NASA supplied the missing piece of information in the form of the Shuttle Radar Topography Mission. During 11 days of low orbit around the Earth, SRT mapped most of the earth’s ground features. These detailed images provided clues as to where groundwater might be found.

Since 2004, the WATEX diving rod has discovered new sources of water in places including Chad, Afghanistan, Angola, Sudan and Texas as well as Kenya. In the 2015 Spinoff report, Gachet expressed his pride in the Kenya discovery.

“Discovering a little water brings war,” he said, “but discovering a lot of water can bring peace, because everyone can share it.”

Finding the human heartbeat

When a 7.8 magnitude earthquake struck Nepal in 2015, four men survived thanks to NASA technology that allows rescue workers to detect heartbeats through noise, rubble, dirt, snow, and just about any physical obstacle.

NASA’s Jet Propulsion Laboratory began developing the technology at the request of the US Federal Emergency Management Agency. The agency wanted a way to find human heartbeats beneath collapsed buildings.

NASA scientists created a scanner that sends a low-powered microwave signal—about one-thousandth of a cellphone’s output—down into rubble. Changes in the reflections of those signals, caused by human heartbeats or breathing, make it possible to locate survivors.

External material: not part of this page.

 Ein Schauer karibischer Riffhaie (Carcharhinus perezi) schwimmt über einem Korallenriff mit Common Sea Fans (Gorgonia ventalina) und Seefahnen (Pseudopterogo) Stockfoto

The prototype of the device, Finding Individuals for Disaster and Emergency Response, or FINDER, fits into a container the size of a carry-on suitcase and weighs about 20 pounds. FINDER collects motion data for 30 seconds every 10 to 20 feet, and then analyzes it using a logarithm to determine whether a person is in that area. The search follows the same grid patter used by human and canine rescue teams.

The device is programmed to take a picture of each scanned location to correspond with GPS coordinates. All of this data can then be transferred to a search grid. It can detect multiple heartbeats under 30 feet of rubble in the rain, at night and underwater. It can even distinguish between human and animal heartbeats.

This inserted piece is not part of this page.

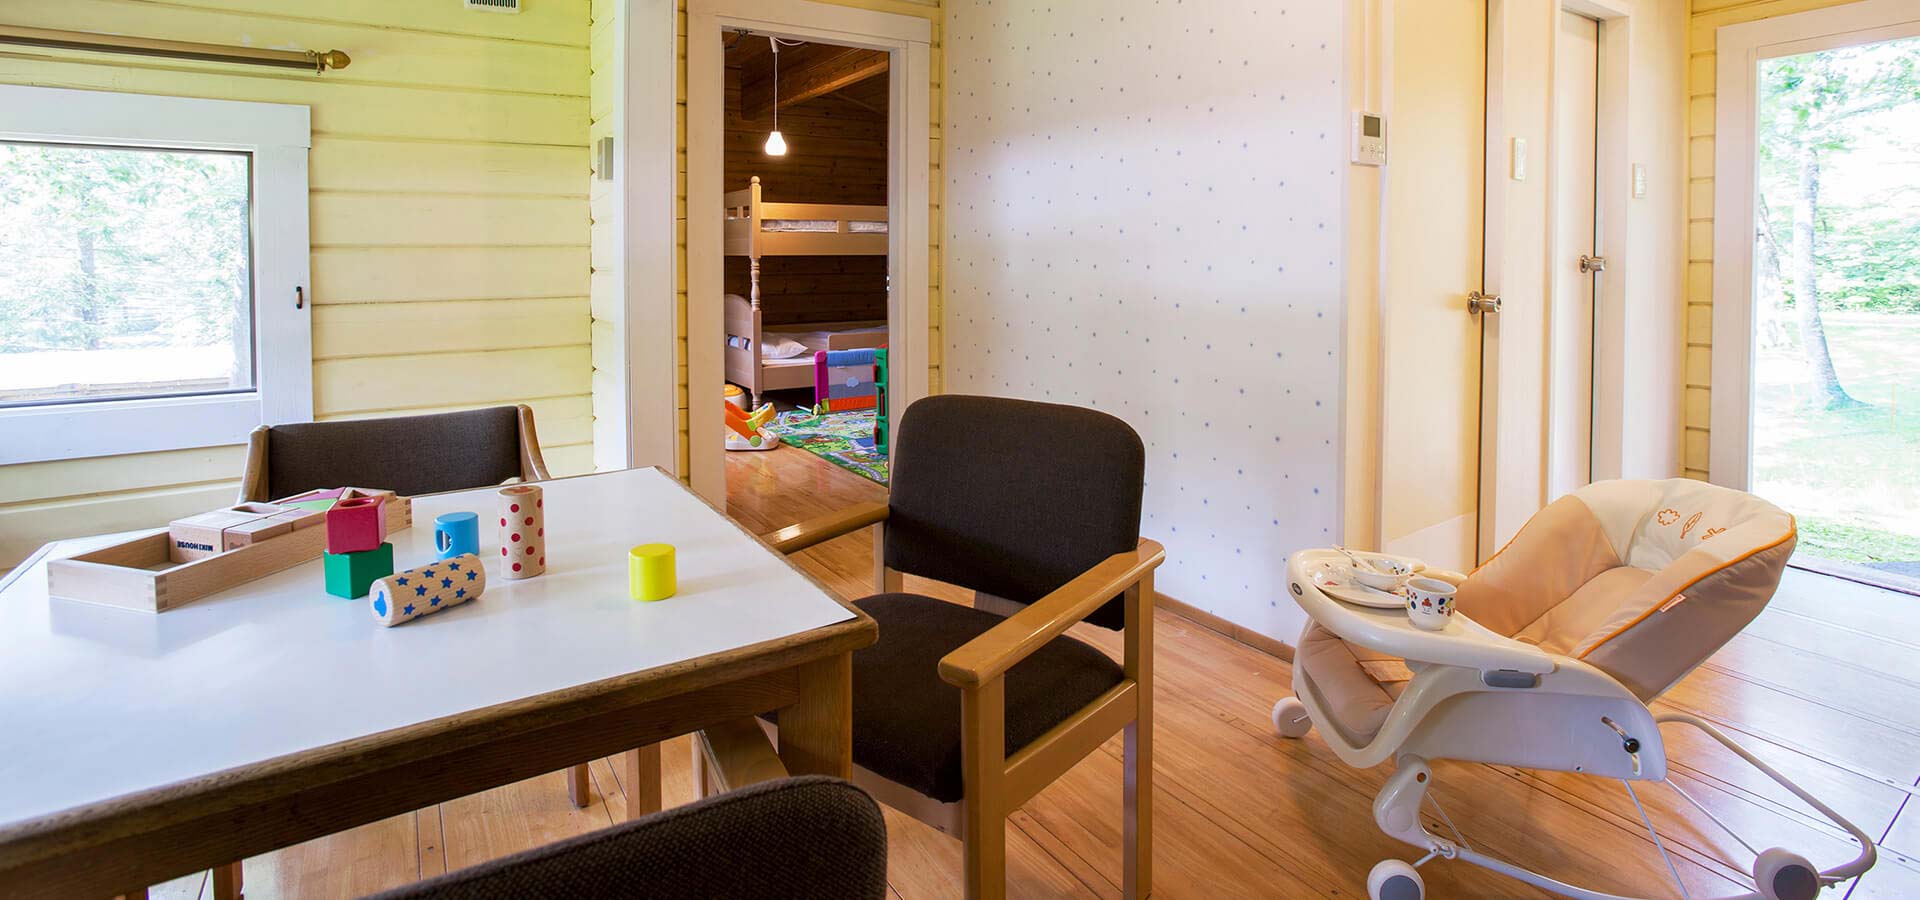 小木屋A 含儿童房间

Fieldwork helped NASA researchers determine how to include FINDER into the search and rescue process.

“We worked with the Virginia Task Force One at the Fairfax County Fire Department training center,” says Jim Lux, who worked on the project at the Jet Propulsion Laboratory in Pasadena, California. “We learned how searchers work. There’s a difference between detecting and locating a victim.”

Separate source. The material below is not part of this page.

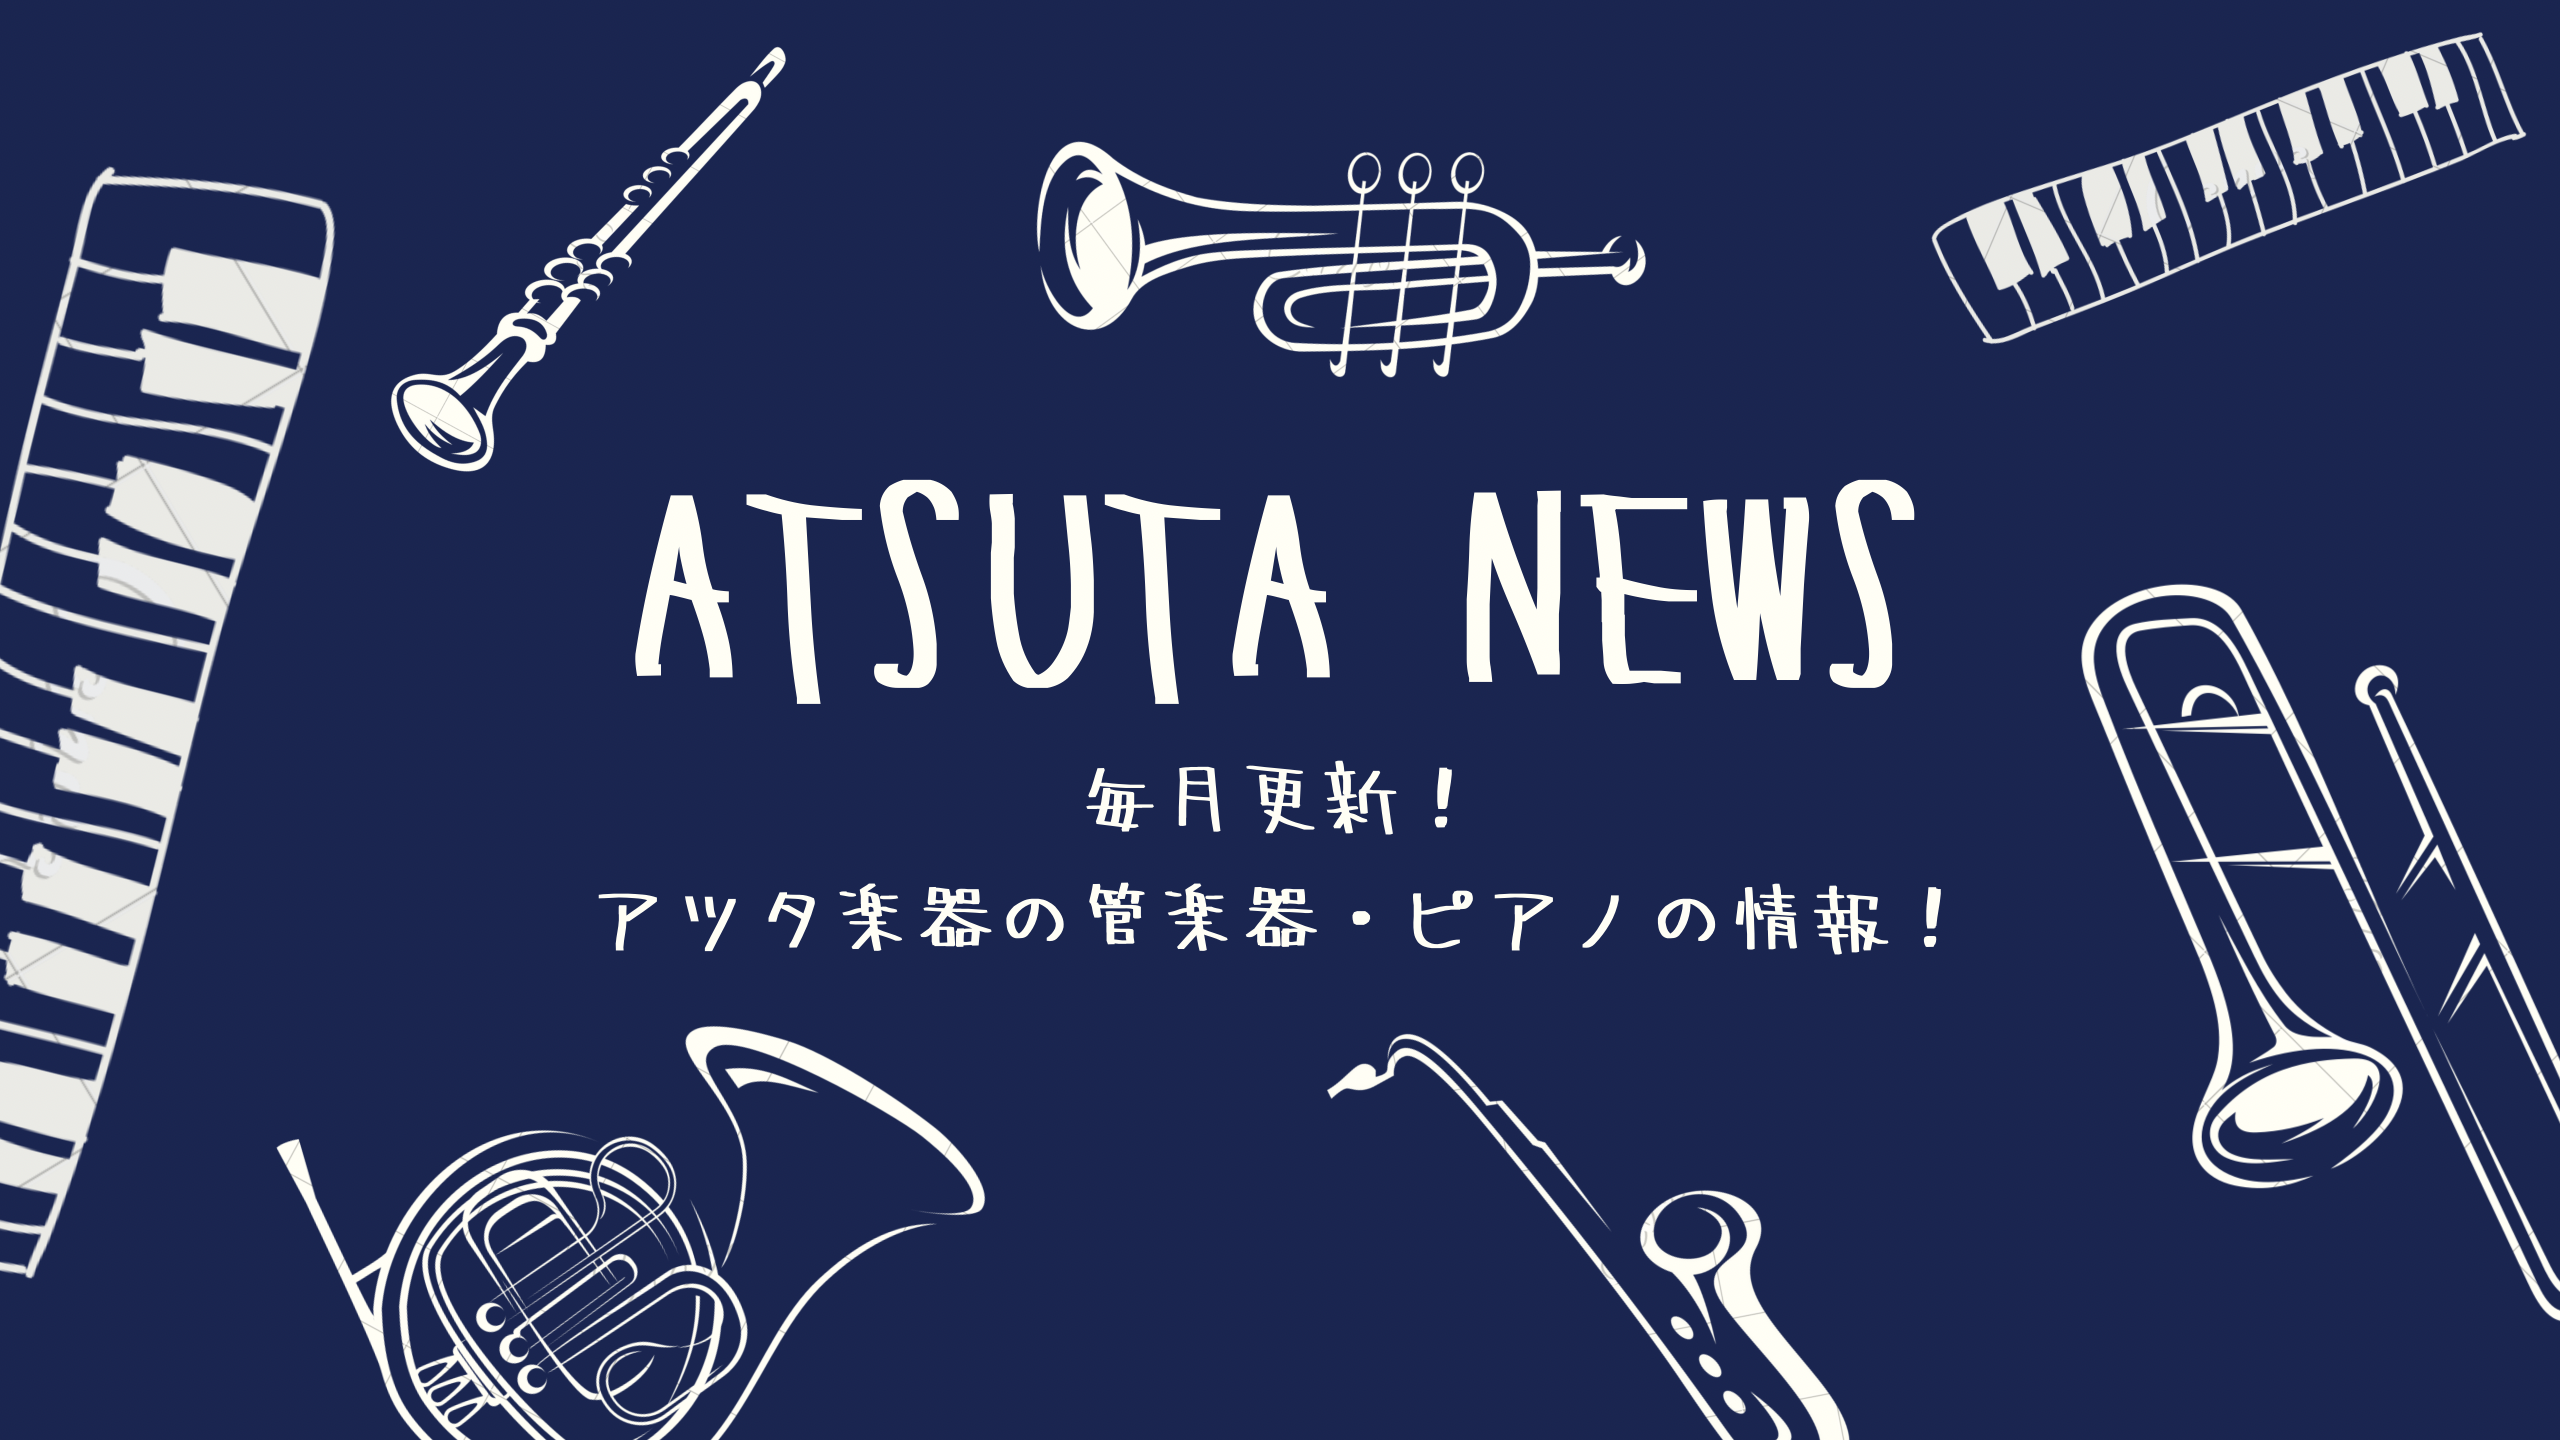 【ATSUTA NEWS Vol.2】

A needle locator in Earth’s haystack

Movies and dramatic real-life rescues have made it seem almost easy to locate distress signals. Anyone who goes trekking in the Gobi Desert or hiking the Appalachian Trail can be found, right? Thanks to NASA’s partnership with 41 other countries, however, the answer is yes.

The agency’s Search and Rescue Satellite Aided Tracking system enables distress signals from personal locator beacons to be sent to satellites in low-Earth orbit (180-2,000 km above the earth), connecting longitude and latitude coordinates and transmitting them to ground stations. The stations then distribute signal positions and other useful data to rescue centers so they can dispatch help.

There are still some hiccups to overcome. The process takes up to two hours, and the coordinates aren’t precise. Right now, multiple countries are developing technology to upgrade the system to include satellites in middle-Earth orbit (2,000-37,580 km above the earth). These improvements will be “a game changer” in pinpointing the search radius, says Lisa Mazzuca, NASA search and rescue mission manager.

“Once the program transitions to [middle-Earth orbit] spacecraft, the detection and location of a beacon will be nearly instantaneous anywhere on Earth,” she says.

The 2012 test of NASA’s first prototype proved that the new beacon technology could locate the signal within 1 km (0.6 miles) accuracy after the first burst, with accuracy improving to about 100 meters (328 feet) after 30 minutes. A current beacon has an accuracy of approximately 1 km after 30 minutes.

Over 1 million registered beacons are in use worldwide, and NASA plans to increase the number of satellites in circulation from 12 to 23 after the upgrade. So far, the beacons have already saved the lives of more than 35,000 people.